After evidence surfaced in 2018 that leading face-analysis algorithms were less accurate for people with darker skin, companies including Google and Meta adopted measures of skin tone to test the effectiveness of their AI software. New research from Sony suggests that those tests are blind to a crucial aspect of the diversity of human skin color.

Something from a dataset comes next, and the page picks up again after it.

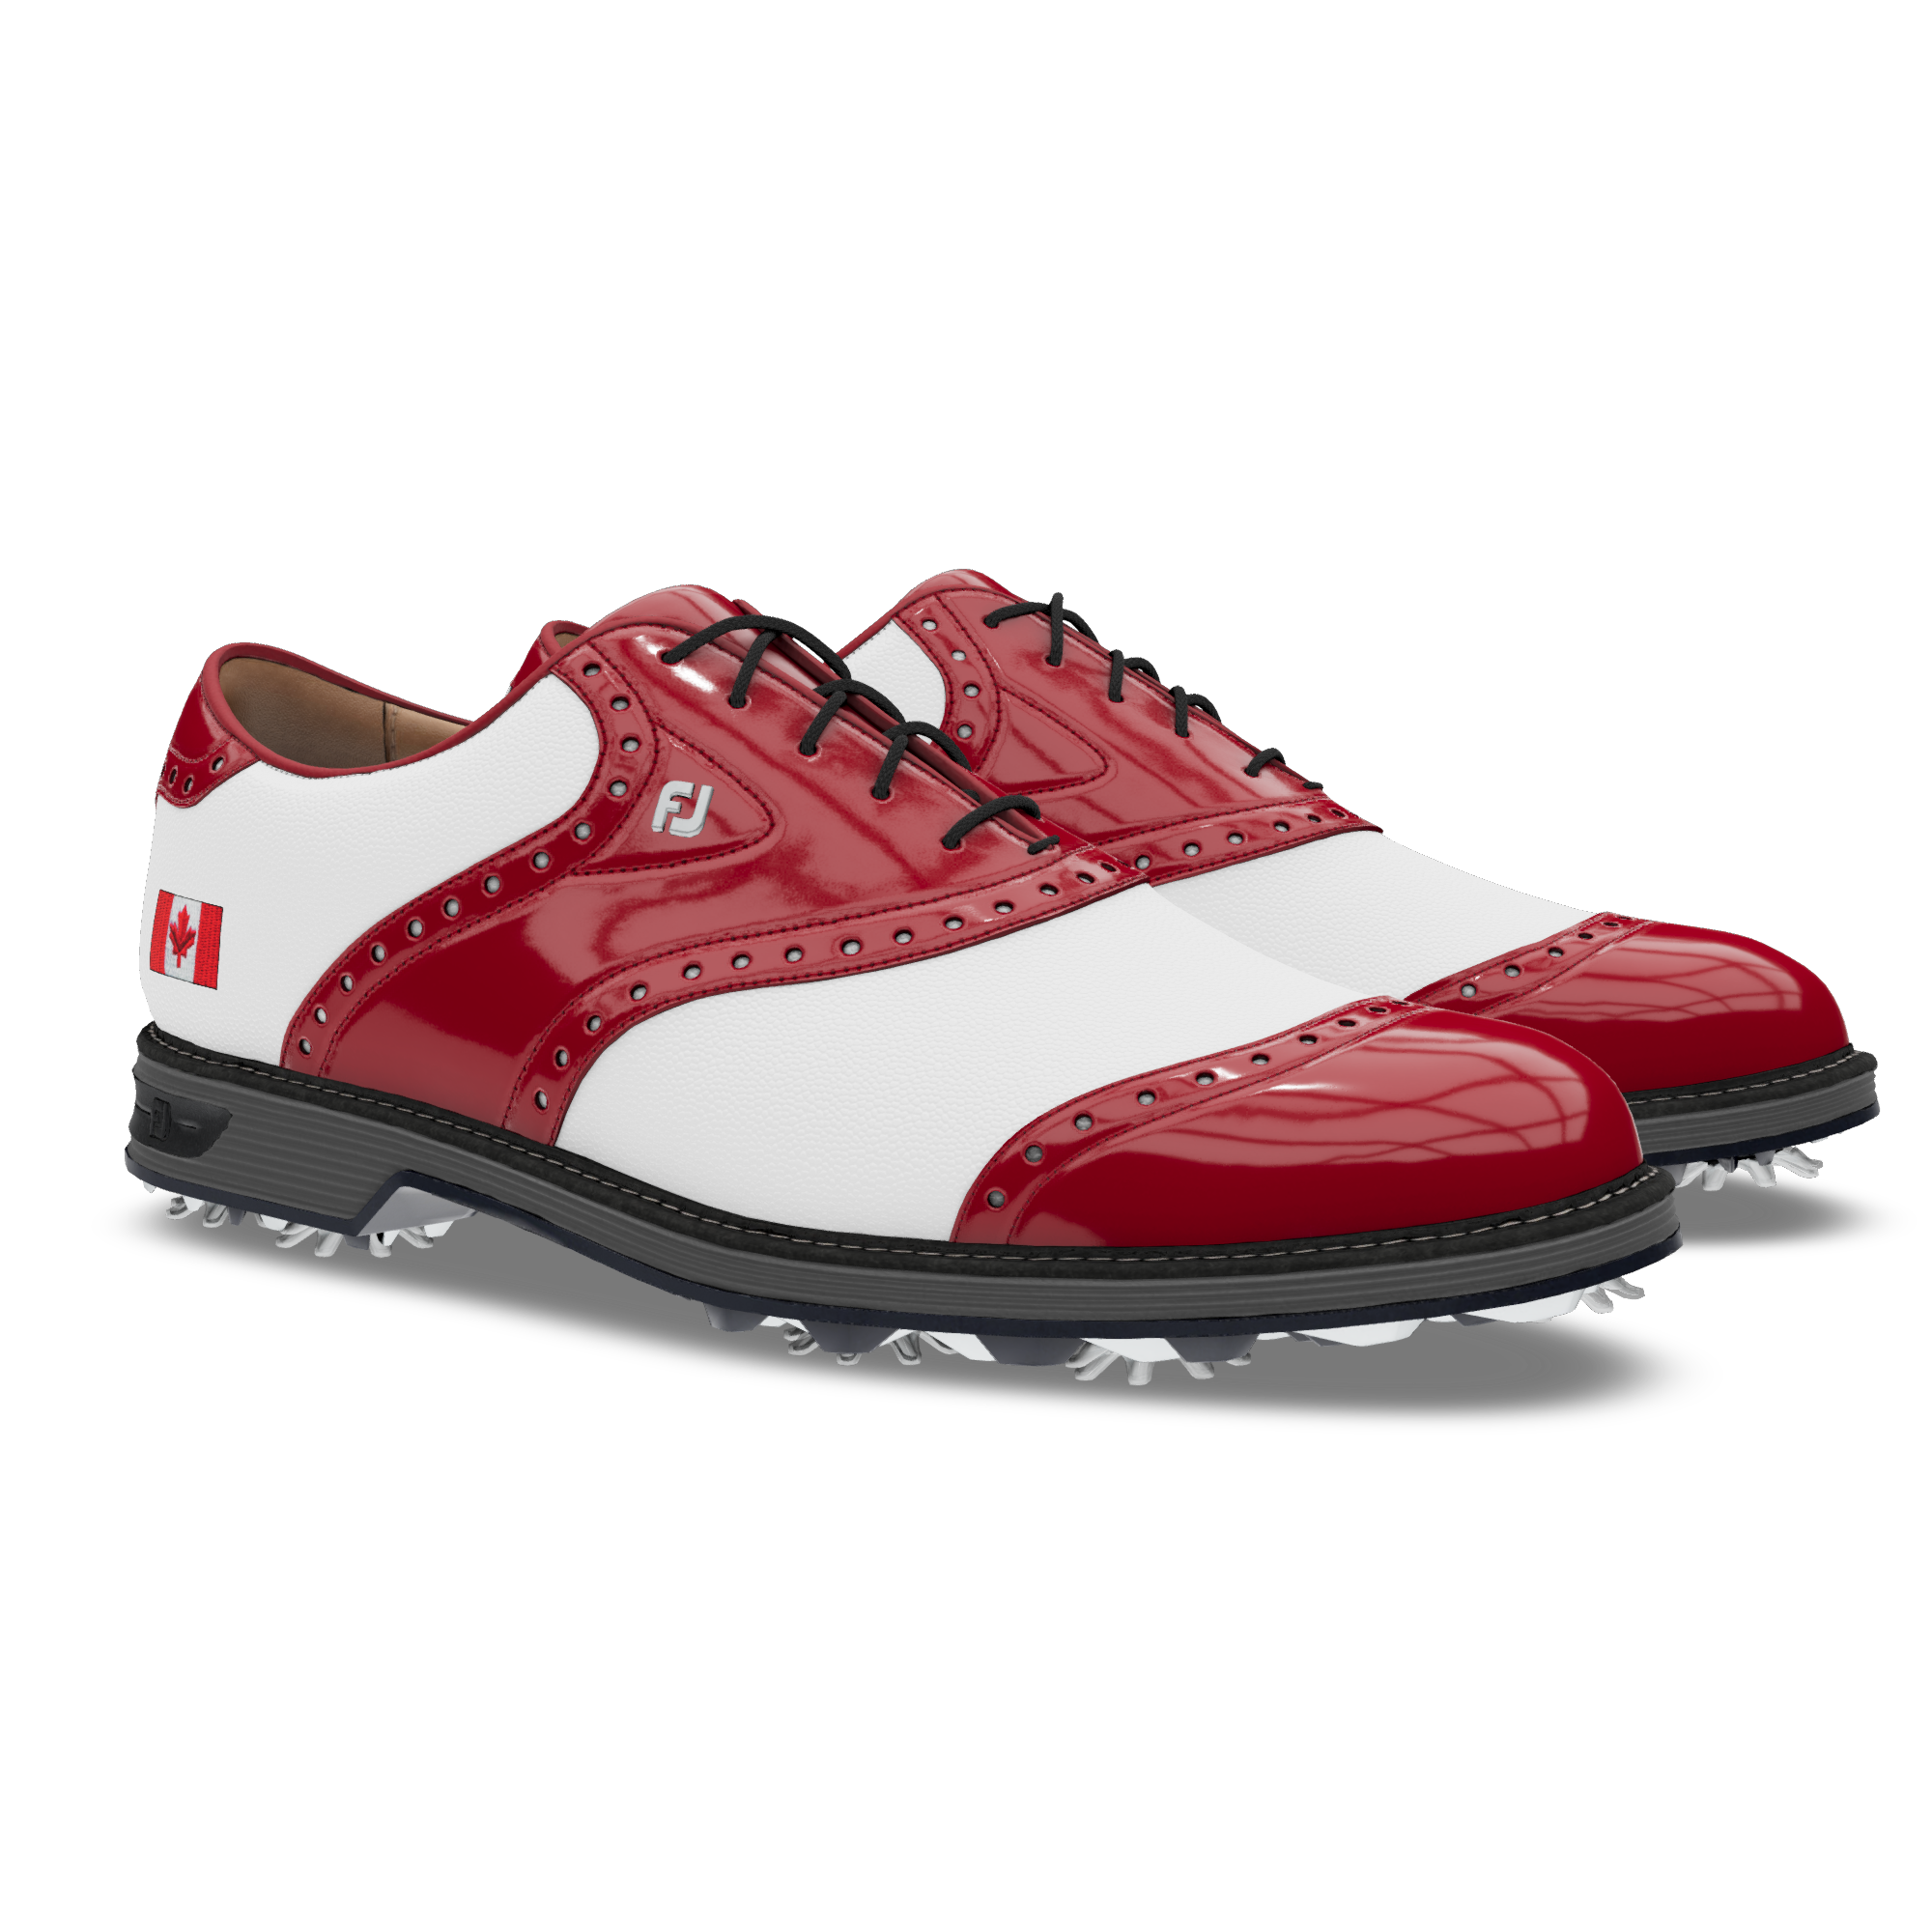 Men's Golf Shoes: Shop the #1 Shoe in Golf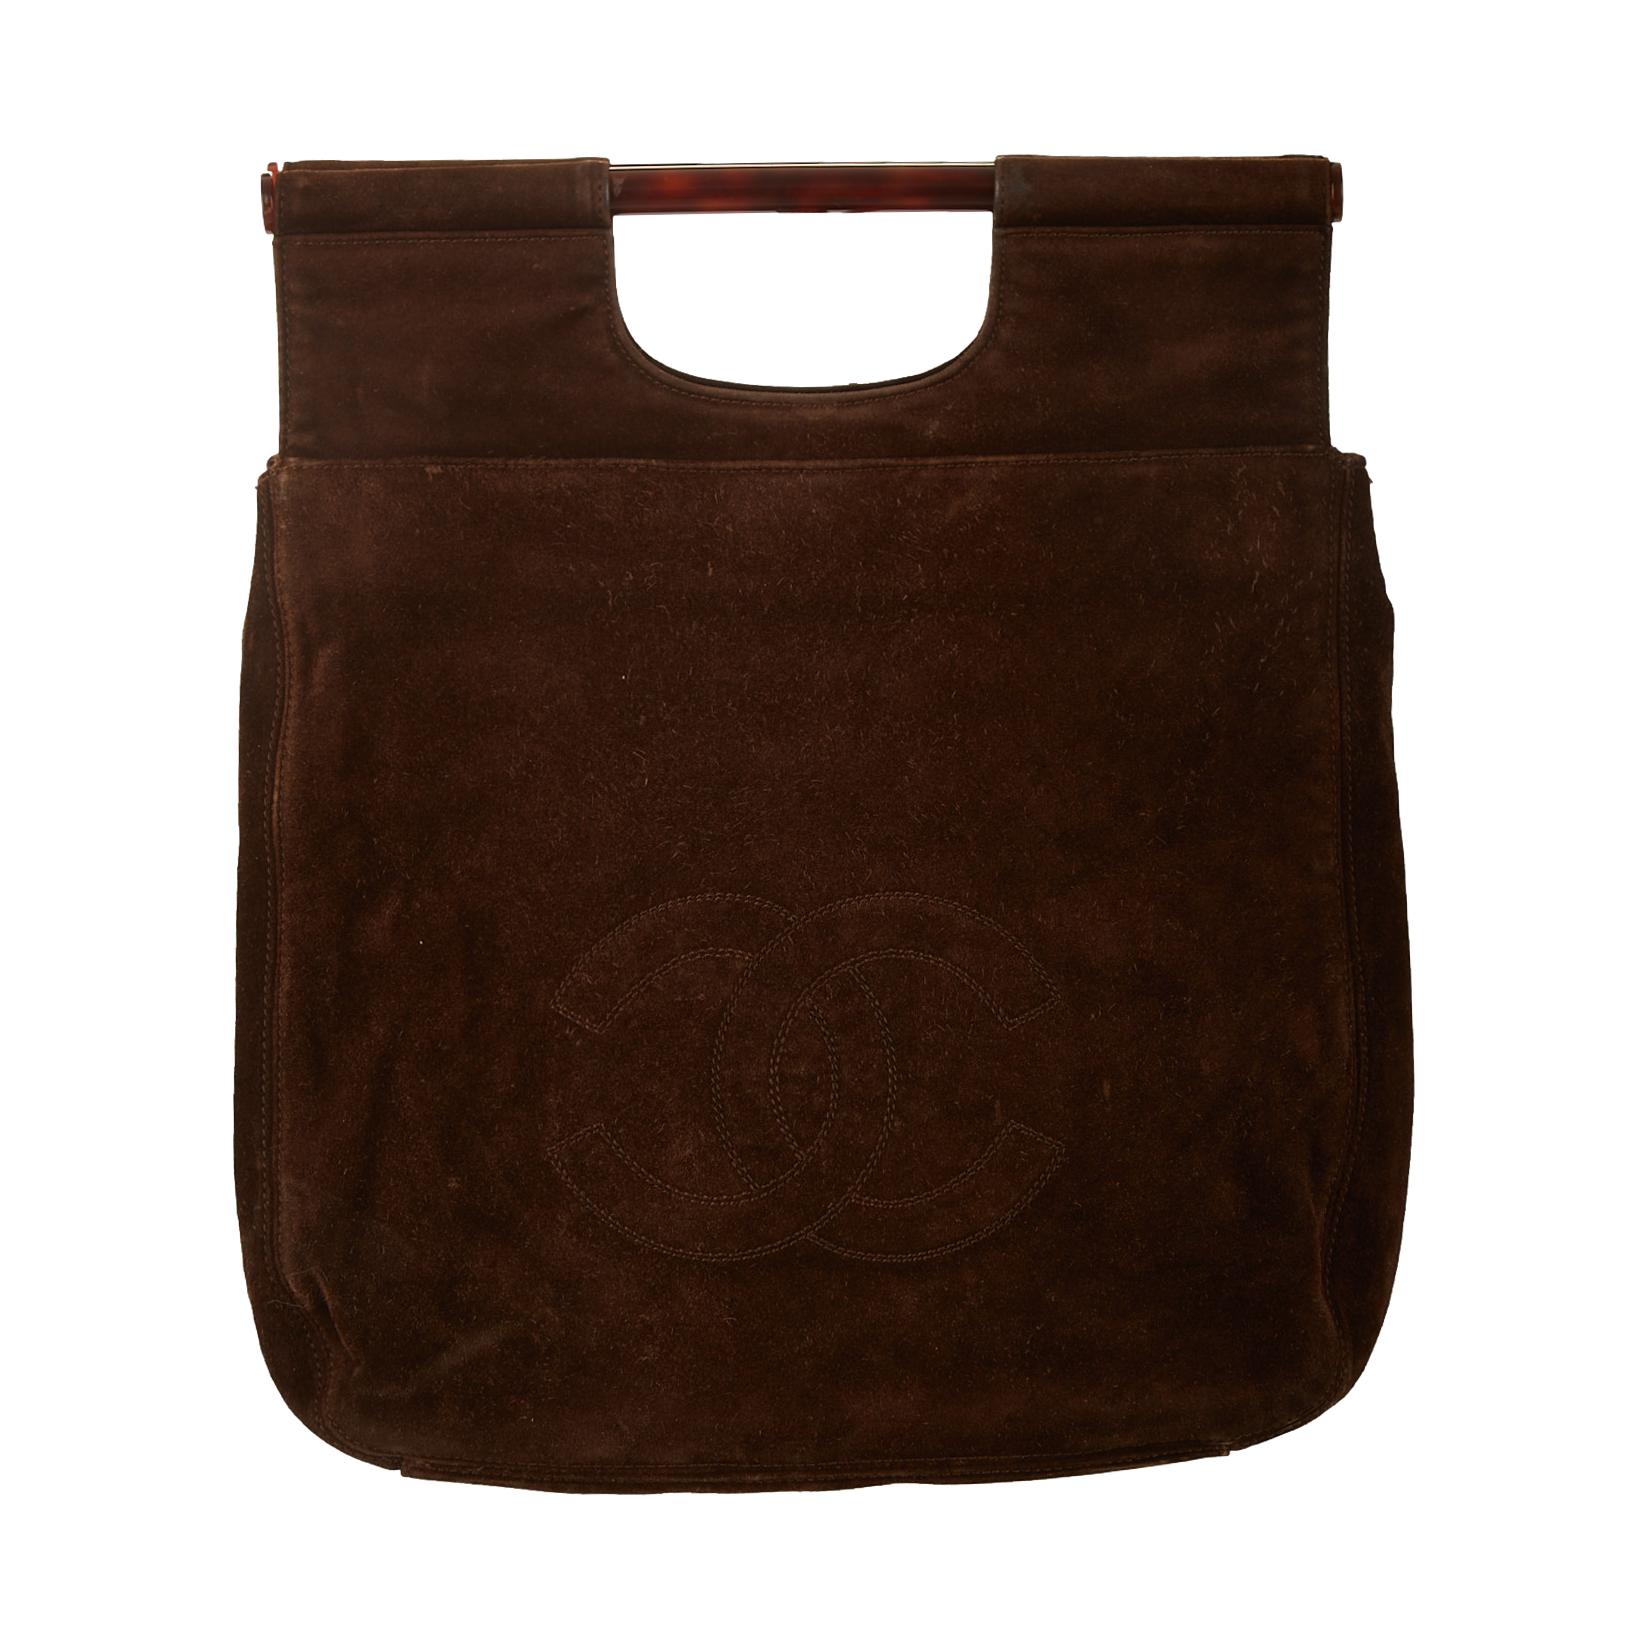 Authentic CHANEL Vintage Logo Shoulder Bag Tote Bag Brown Suede CHIC 🌻🌻

By expressing skin tone using only a sliding scale from lightest to darkest or white to black, today’s common measures ignore the contribution of yellow and red hues to the range of human skin, according to Sony researchers. They found that generative AI systems, image-cropping algorithms, and photo analysis tools all struggle with yellower skin in particular. The same weakness could apply to a variety of technologies whose accuracy is proven to be affected by skin color, such as AI software for face recognition, body tracking, and deepfake detection, or gadgets like heart rate monitors and motion detectors.

“If products are just being evaluated in this very one-dimensional way, there's plenty of biases that will go undetected and unmitigated,” says Alice Xiang, lead research scientist and global head of AI Ethics at Sony. “Our hope is that the work that we're doing here can help replace some of the existing skin tone scales that really just focus on light versus dark.”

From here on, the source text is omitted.